Despite substantial interest and investment in virtual care by governments in developed and developing countries, widespread adoption was modest before the pandemic. As the COVID-19 pandemic evolved, the main health actors were pressured to have to use virtual care to attend the health needs of patients and comply with the isolation regulations imposed by governments. Today, virtual care should not be treated differently from other elements of the health care experience, primarily because it has proven to be a positive experience for patients and providers, with better health outcomes and lower costs (35).

Strengths and limitations

The main limitation of this review is the design of the included studies because most were conducted in a single hospital center, in specific areas of healthcare, and with limited sample sizes. Therefore, the findings summarized here may not reflect the opinion of the entire region. Furthermore, no published studies were found for all the countries, which limits the generalizability of the findings. During the literature search, only studies conducted in the context of outpatient care were identified, and consequently, it was not possible to assess the virtual care model in hospitalized patients.

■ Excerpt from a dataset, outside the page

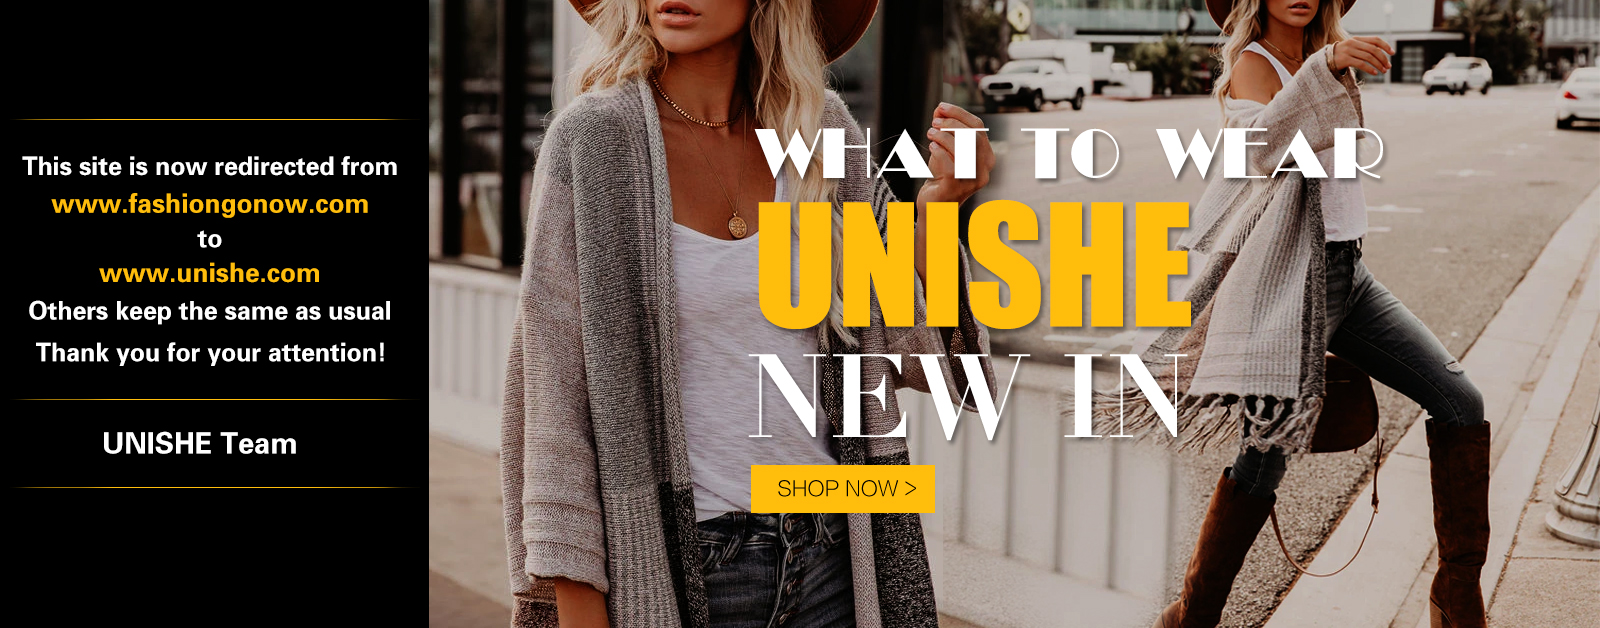 UNISHE NEW IN

Comparison with similar research and explanations of findings

The transition from face-to-face care to a virtual care model is occurring, moving from being an elective component to becoming a fundamental part of healthcare delivery. Following the COVID-19 pandemic, the virtual care model has grown around the world in terms of the number of services provided, as well as in terms of indications in the different clinical specialties (36). This phenomenon has also been observed in Latin American countries, which has led physicians, patients, and regulatory bodies to support this transformation and merger with the current model. This model has also been recognized as a tool that improves the opportunities for care and combats health inequity, which is mainly attributed to the remoteness of the territories, the difficulty of mobilization, and the centralization of some medical specialties in cities with a high concentration of population (3,36). Additionally, it is worth mentioned that due to the epidemiological transition and the increase in life expectancy, virtual care will be considered a great alternative to strengthen the care of these elderly people and to reduce the burden attributed to the chronic diseases prevalent in this age group.

Virtual care is highly likely to be a cost-effective model for the treatment of a broad spectrum of pathologies (37,38). For example, the incorporation of telemedicine during screening for blinding eye diseases in rural and urban populations in China has allowed the timely identification of cases in early stages while reducing medical cost compared to traditional screening (incremental cost-effectiveness ratio of $2,567 vs. $7,251) (39). In cases with stroke in England, the use of telemedicine has optimized rapid access to acute care, with total healthcare cost savings of £482k and £471k with respect to traditional services (40). Similar results have been obtained with improved patient outcomes and lower medical costs in the management of rheumatoid arthritis (41), diabetes (42), musculoskeletal or dermatological conditions (43,44).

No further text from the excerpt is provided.